Influenza A is a major health concern in human and veterinary medicine alike. Viruses of human and avian origin are linked through the exchange of genetic material, e.g. the reassortment process forming pandemic viruses in humans. There is growing evidence that the active substance antiviral drug oseltamivir (Tamiflu®) is stable and that it can be detected in aquatic environments when oseltamivir is used widely. Low levels of the active substance can induce resistance in influenza A virus in mallards, the natural influenza reservoir. If resistance is established in viruses circulating among wild birds, there is a risk of an oseltamivir-resistant pandemic or highly-pathogenic avian influenza (HPAI) virus through reassortment or direct transmission (Fig. 1). This paper aims to review the current knowledge in this field, to identify gaps in the knowledge and to point out important future research areas.

Fig. 1

Schematic display of the possible connection of environmental levels of oseltamivir and avian and human influenza A viruses. Illustration kindly provided by S.J. Järhult.

Pandemics

During the last century, influenza A viruses have caused four pandemic outbreaks. In 1918–1920, the ‘Spanish Flu’ H1N1 pandemic killed at least 50 million, perhaps up to 100 million people (1). There has been a controversy regarding the genetic origin of the Spanish Flu, with some authors claiming a direct transmission of an avian virus (2, 3). However, phylogenetic evidence strongly suggests that the 1918 pandemic strain was the result of a reassortment of human, avian and possibly swine viruses (4). The 1957 H2N2 ‘Asian Flu’ and the 1968 H3N2 ‘Hong Kong Flu’ pandemics were both milder than the 1918 pandemic and caused much less mortality. They were the result of a reassortment of human and avian viruses. Little is known about the sequences of swine viruses at that time and thus the involvement of swine viruses in the reassortant cannot be precluded (5). The recent A/H1N1 ‘Swine Flu’ pandemic was a result of a reassortment of three different strains from swine, but all three had genetic elements recently derived from avian viruses (5).

Influenza in birds

Influenza A virus is a zoonosis, the natural hosts are wetland birds, mostly Anseriformes (ducks, geese, swans) and Charadriiformes (gulls, terns, waders) (6, 7). Dabbling ducks such as the mallard (Anas platyrhyncos), are particularly well suited for the perpetuation of influenza viruses in several aspects. They feed in shallow water which facilitates spread via the fecal – oral route (6). Furthermore, they congregate in flocks, have a large population size, migrate to interact with new individuals and every year new, immunologically naïve juveniles are added to the population. Influenza A viruses are well adapted to aquatic environments; some viral strains can remain infective for well over a year at 4°C but only for days at 37°C (8). Dabbling ducks are considered the major natural reservoir of influenza A viruses (7).

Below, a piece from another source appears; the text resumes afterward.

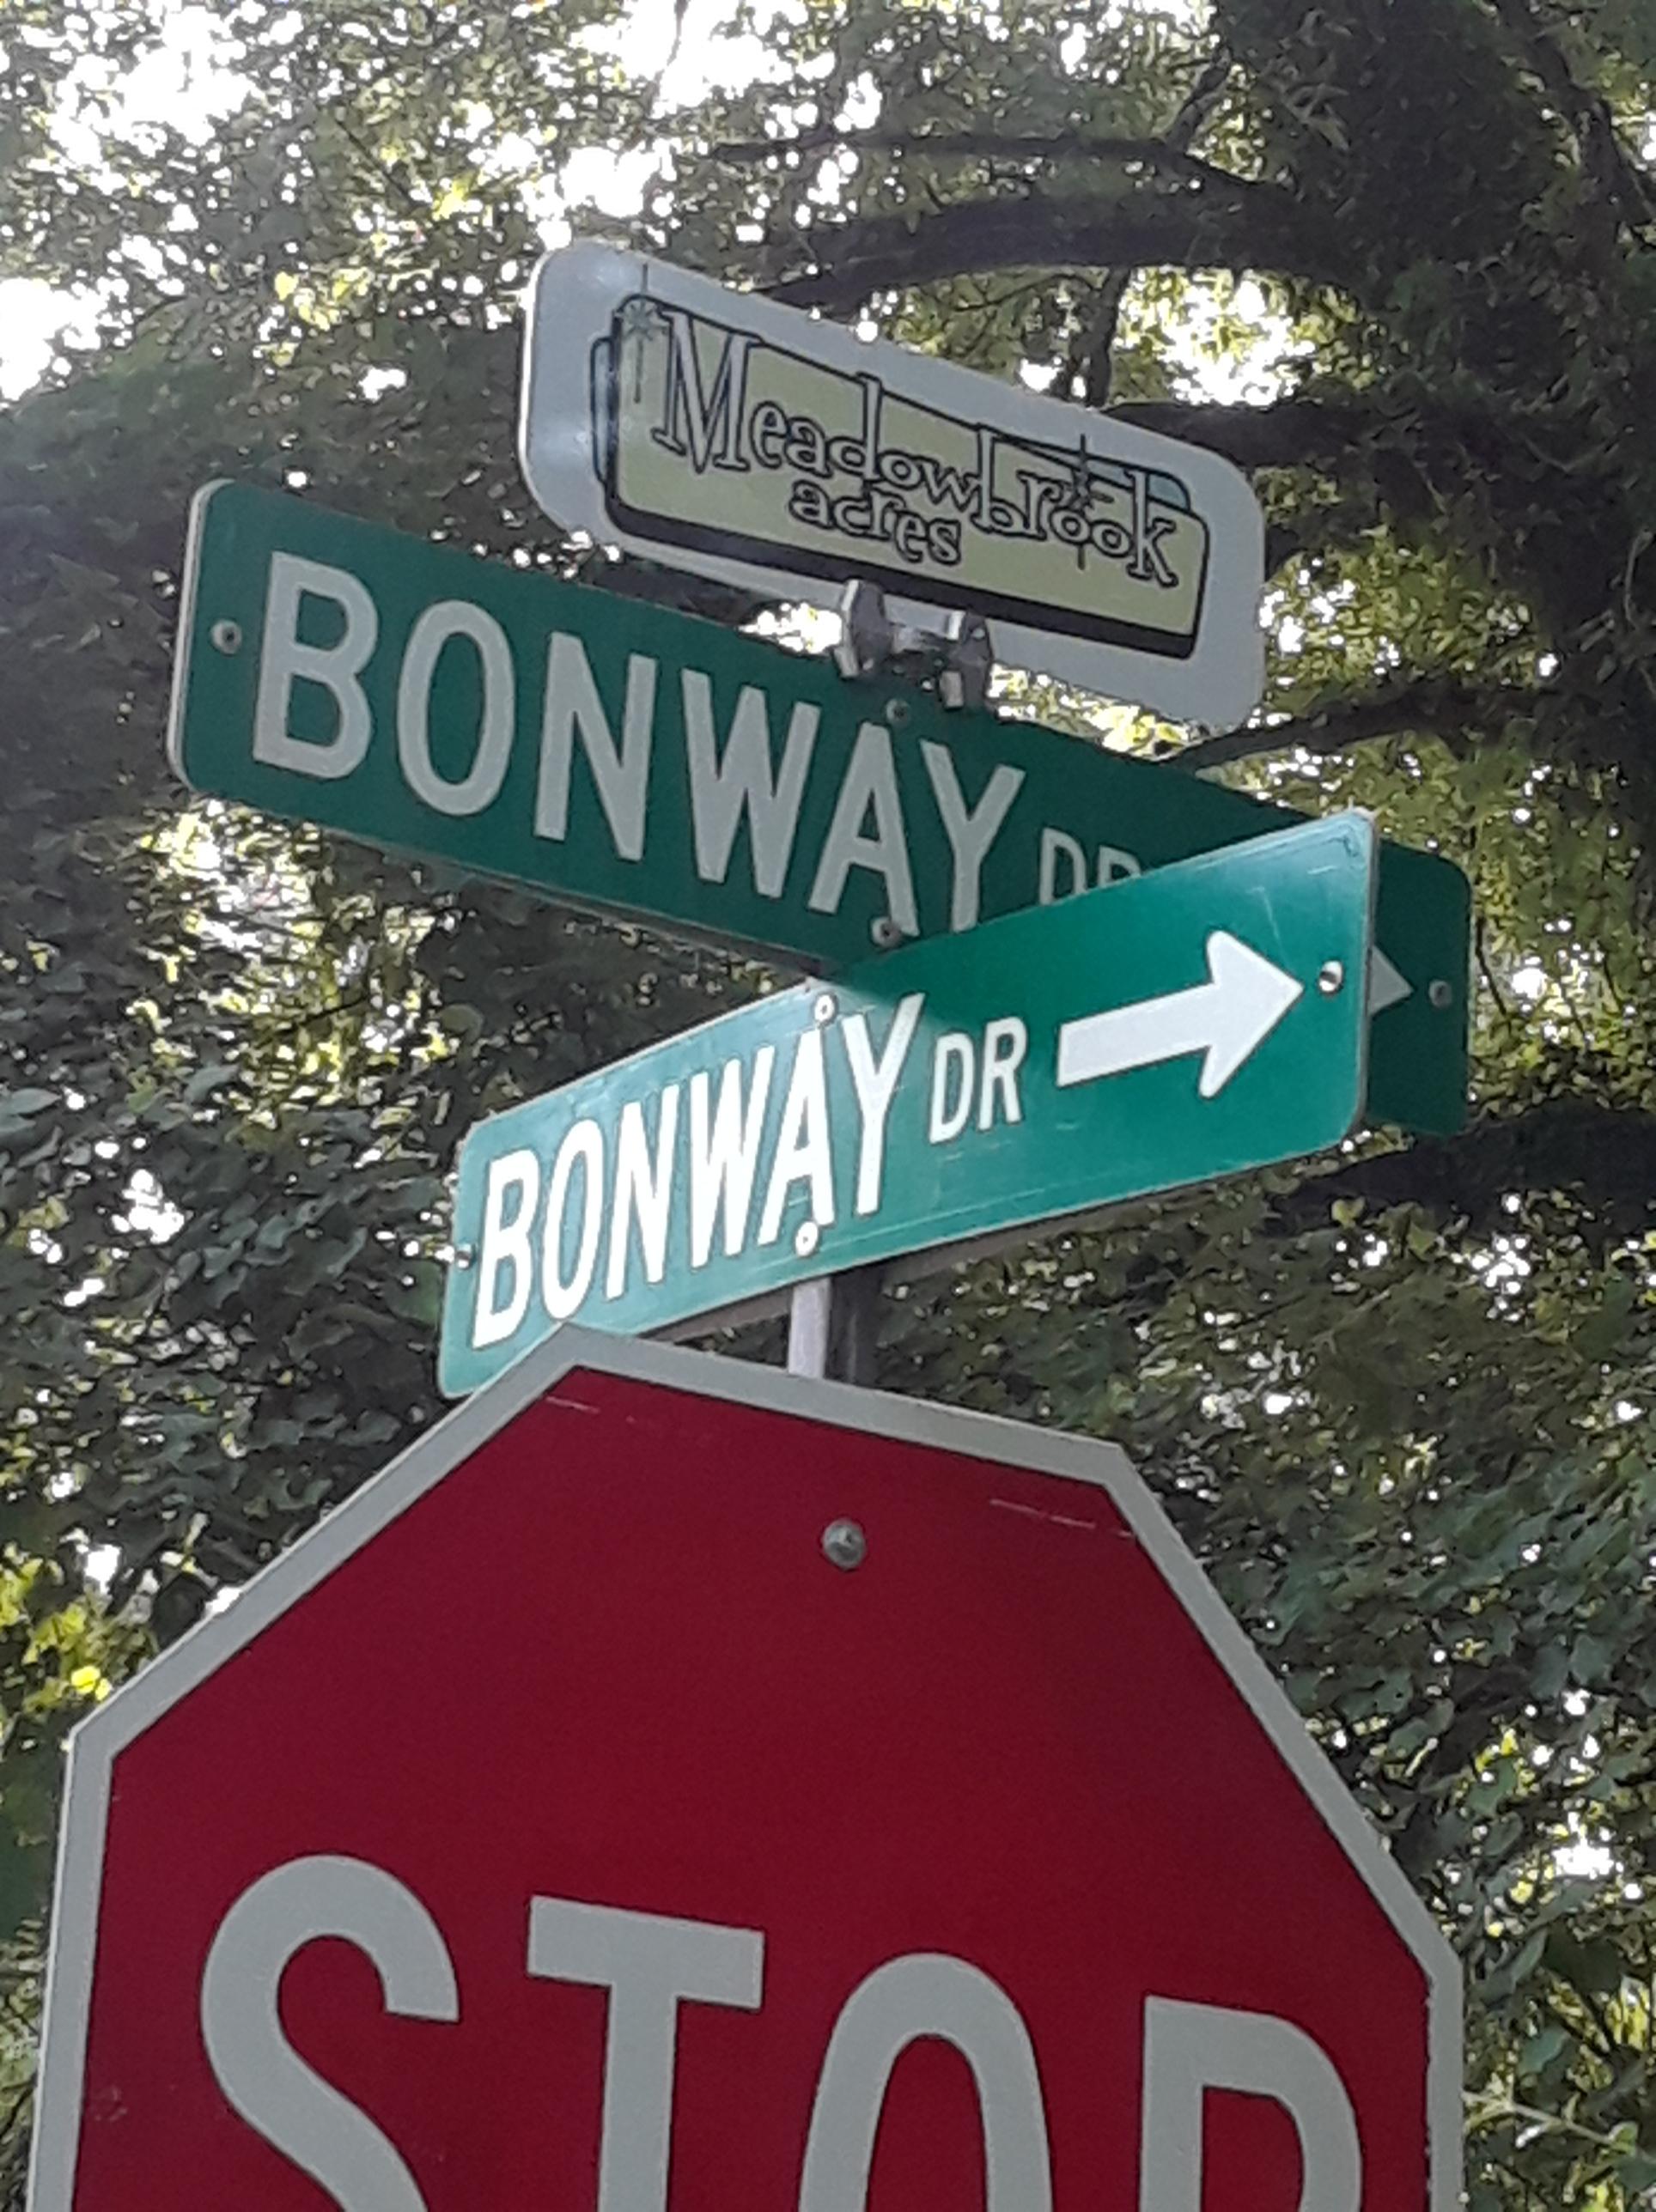 Decatur Neighborhood Meadowbrook Acres Street Sign Toppers Mid Century design

Most viruses circulating among wild birds are low-pathogenic (low-pathogenic avian influenza, LPAI). The prevalence of LPAI viruses among dabbling ducks vary with season with a higher percentage of birds infected during fall migration. One contributing factor to this variation is the high proportion of non-immune juveniles in the fall. There are also geographic differences; a study from Sweden found 15% infected mallards during fall and 4% in the springtime (9), whereas data from North America show a higher fall prevalence but a lower spring prevalence (6). All 16 HA and 9 NA variants of influenza A viruses discovered so far have been found in birds and most of them in dabbling ducks. Exceptions are H13 and H16 that are predominantly isolated from gulls and terns (10). Most subtypes of LPAI viruses have a large geographical spread, possibly through migration. H14 and H15 are exceptions, being mostly isolated in Russia and Australia (11, 12). Phylogenetically, LPAI viruses studied so far belong to either the Eurasian or the North American lineage (13). However, several findings of viruses with a lineage-mixed genome have been reported (14–16) indicating that the separation is not complete. Hence, the naturally circulating gene pool of LPAI viruses in wild birds can be considered large and variable in several aspects.

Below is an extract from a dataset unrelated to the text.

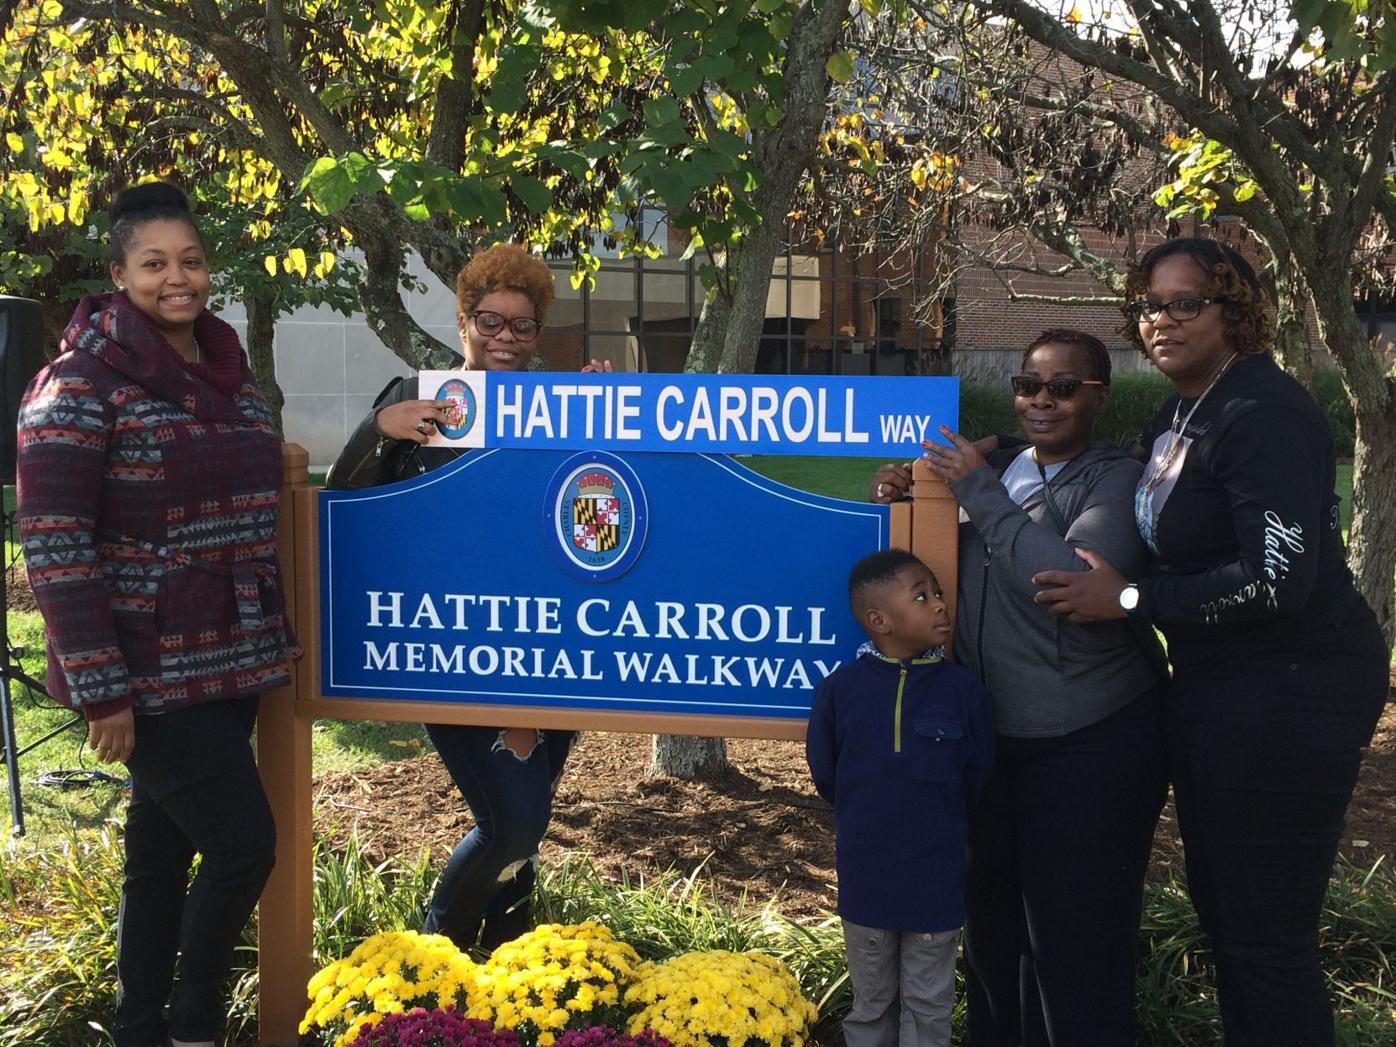 County Commissioners dedicate sidewalk to victim of hate crime

LPAI in dabbling ducks has a mild clinical course but smaller ‘costs’ for the host are difficult to study. For example, in an infection experiment a slight, short-lasting increase in body temperature was observed (17) and in another experiment mallard hens had a transient decrease in egg production (18). Interestingly, a recent study found mallards in normal body condition more sensitive to LPAI infection when compared to mallards –10% and –20% in body weight (19). This is contradictory to the hypothesis that birds in worse body condition would be more sensitive to infection. LPAI infection in ducks is located mainly in the gastrointestinal tract (20).

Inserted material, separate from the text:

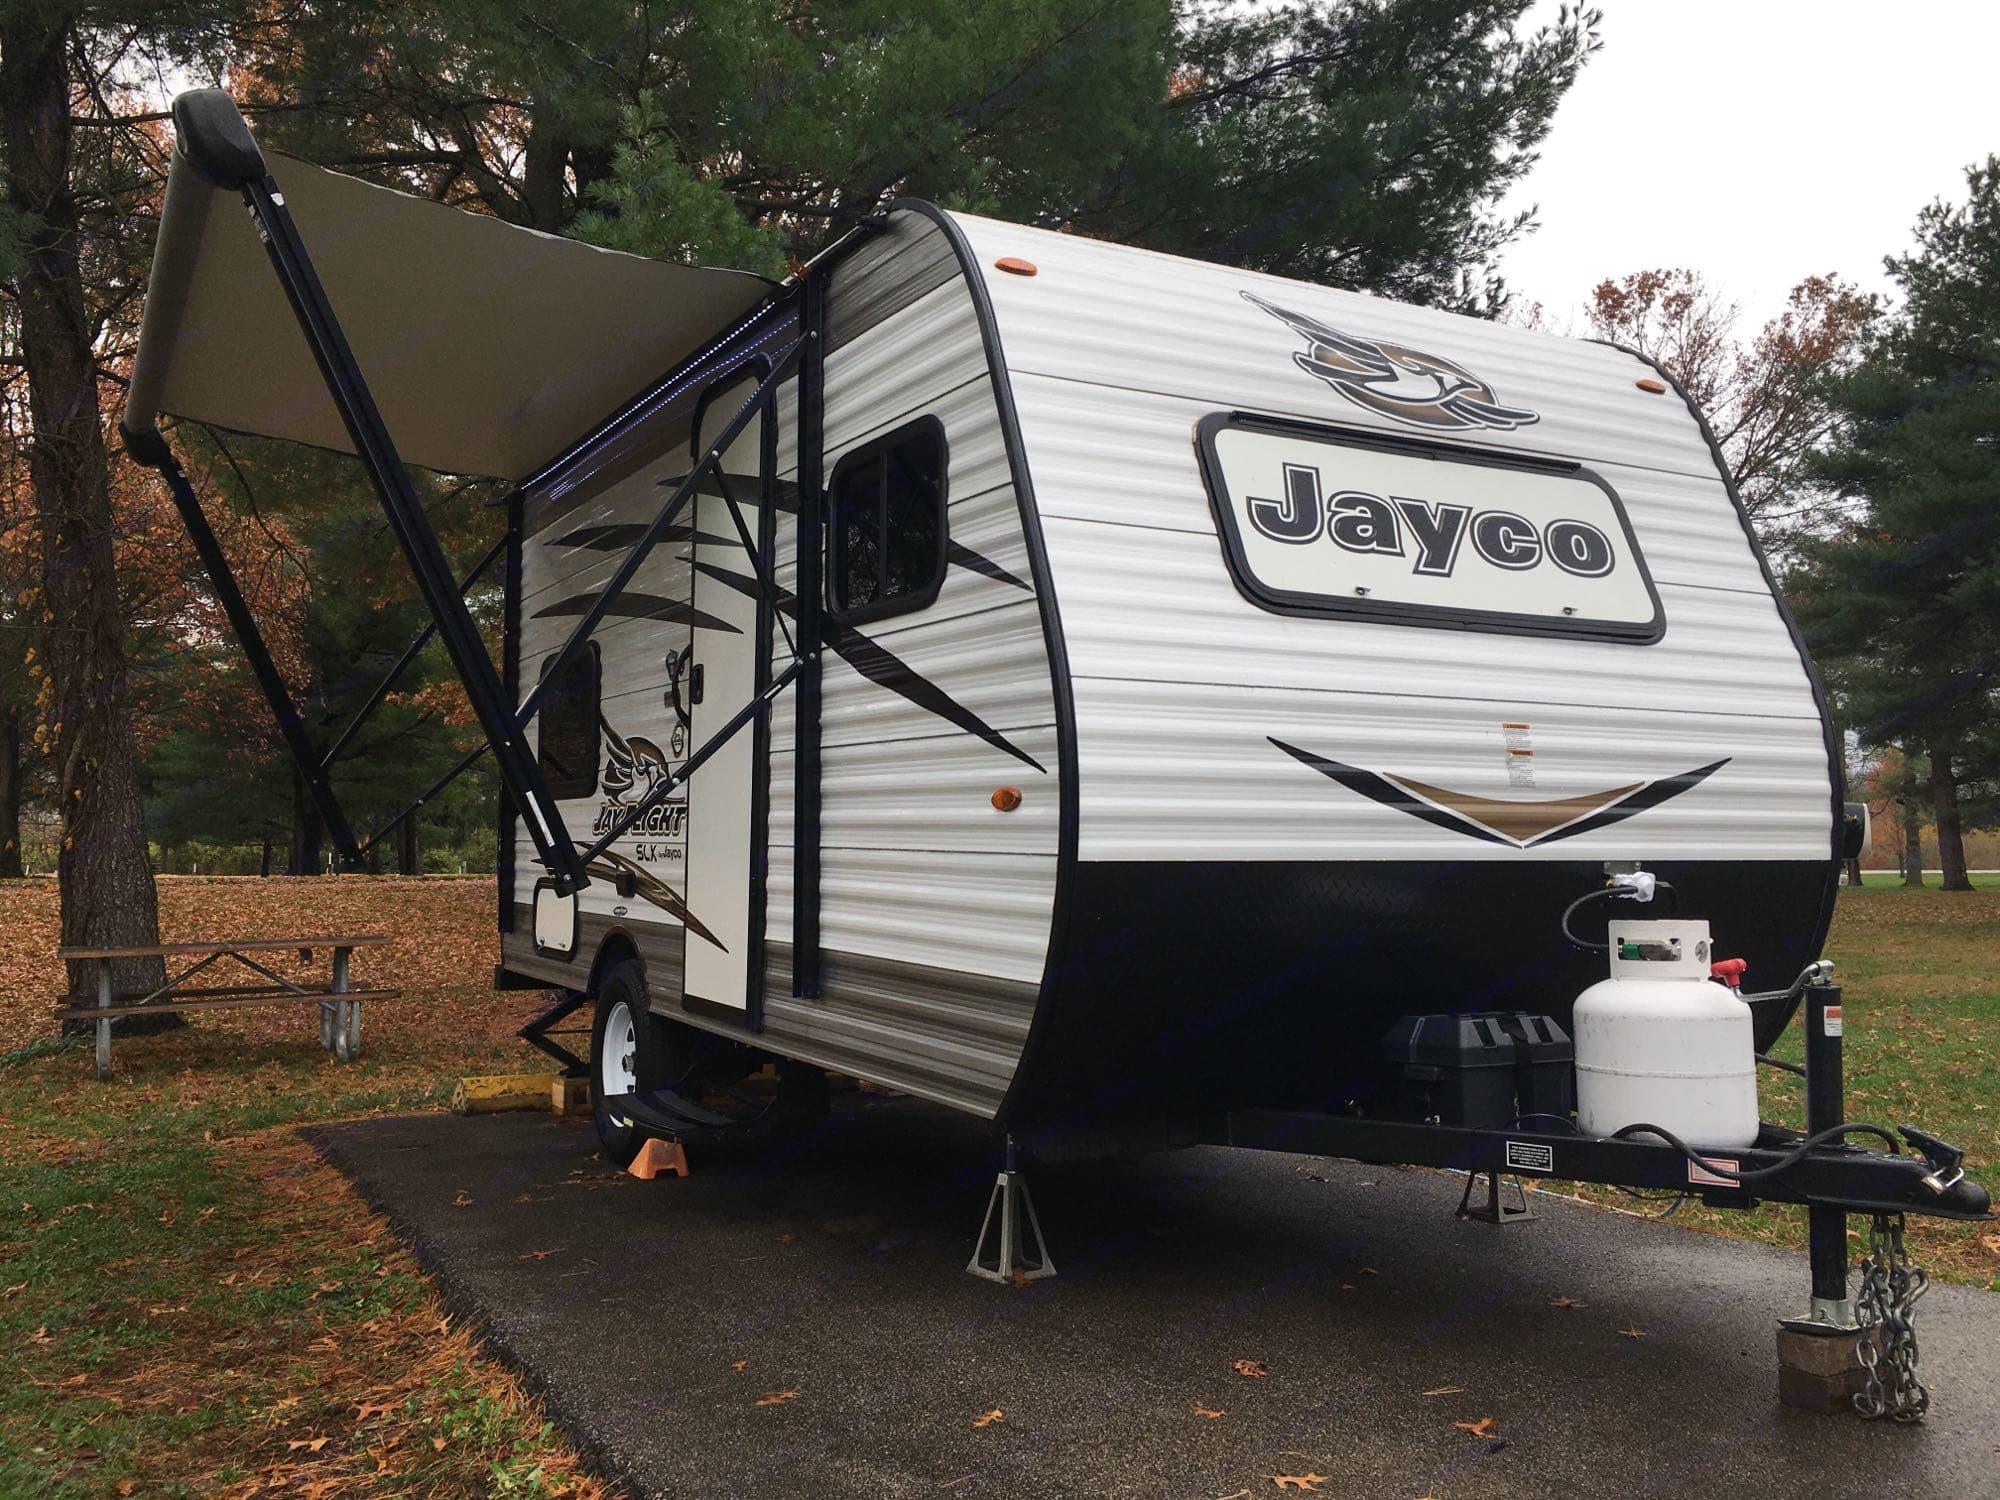 In her natural habitat. Jayco JayFlight 2018

Treatment and prophylaxis of influenza

There are two different strategies regularly used in the treatment and prophylaxis of influenza A: antiviral drugs and vaccines.

The admantanes, amantadine and rimantadine, block the M2 protein and thus inhibit viral replication at an early stage (21). However, due to a massive development of resistance both in human and avian strains (22, 23) the clinical use of admantanes has virtually stopped. Another disadvantage of admantanes is their high rate of adverse events such as nausea, insomnia and hallucinations (24).

The neuramidase inhibitors (NAIs) inhibit the viral enzyme neuraminidase (NA). NA is needed for the release of newly formed virions from the infected host cell (25) but also for the process of viral entry through the airways of the host by cutting mucoproteins (26). The possibility to decrease viral entry in the airway epithelium through hindering of NA – mucoprotein interaction may contribute to the successfulness of NAI prophylaxis (27). There are two commercially available NAIs worldwide: oseltamivir (Tamiflu®) and zanamivir (Relenza®). Zanamivir cannot be administered orally but is inhaled or rarely used in an intravenous formulation.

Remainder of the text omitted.